The secretariat expressed its sorrow to the families and renewed its “commitment for life” in addition asking that “God in his great mercy may grant us the gift to discover every person as a brother and act accordingly.” “We cannot remain indifferent. These are seven lives taken away by the fire, they have names: Sergio, Federico, Alan, Franco, John Mario, Juan Carlos and Fernando Emanuel, they have families, they have histories, they are from our homeland,” the statement said.

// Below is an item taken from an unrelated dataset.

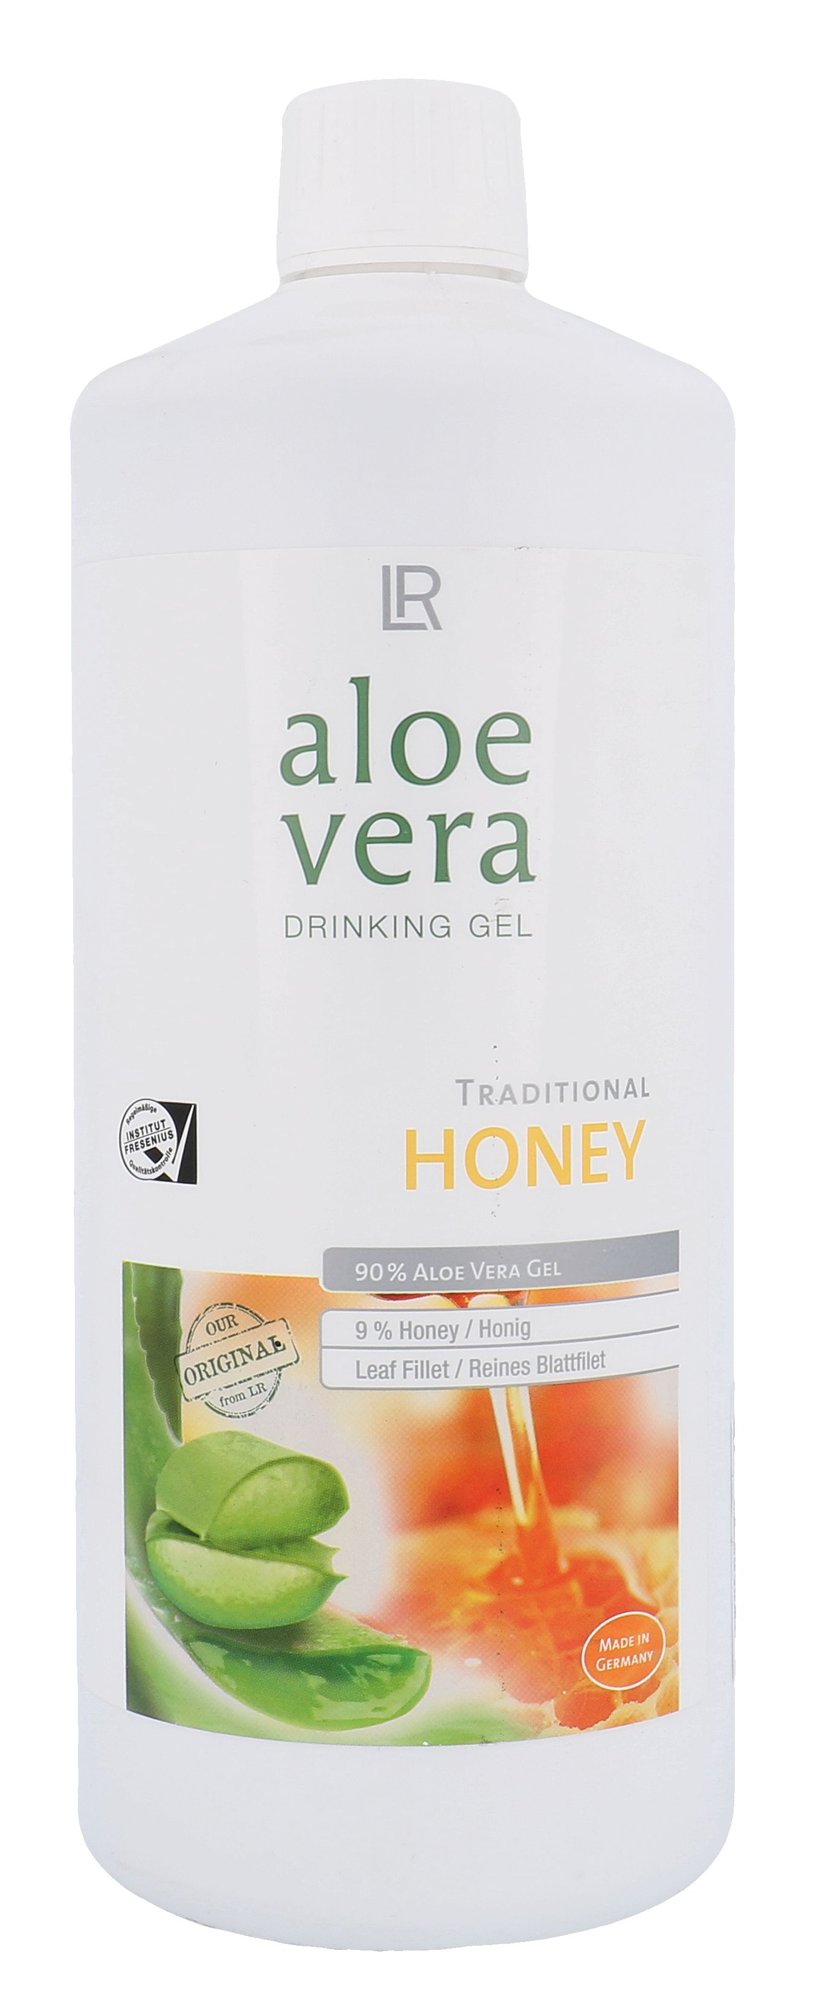 LR Aloe Vera Drinking Gel Honey sveikatos apsaugai

According to reports, a fight among the prisoners broke out and led to mattresses being set on fire. The firefighters arrived late on the scene, and seven prisoners died. However, the secretariat of prison pastoral care said, “We can't just stop at a simplistic account of what happened” and “much less can we think…'seven less thieves.' With shame, much grief and indignation we want to ask forgiveness for expressions like that.” “In such a tragic event, there are many questions that have been waiting for answers for a long time, they require urgent decisions and concrete actions.” “Even when there are so many overcrowded prisoners and in inhumane conditions in the police stations, how can it be that they are not prepared for this? This reality has been going on for some time and it is increasing even though it has been repeatedly pointed out as inadmissible and therefore prohibited,” the statement said.

“Police stations are not a suitable place for long-term detentions, far from minimum standards,” it continued. “Police stations don't have the preparations and the requirements demanded by the needs of a prison program.” The prison ministry secretariat reiterated that places of detention must protect life, “preserve and maintain psycho-physical integrity,” and have adequate sanitation, potable water, places for eating, resting, and access to education, among other things.

“Can it be admitted that there is no emergency protocol for situations like these, knowing that it is a public place, a police station, and even more so where there are people imprisoned under the responsibility of the state?” the secretariat said.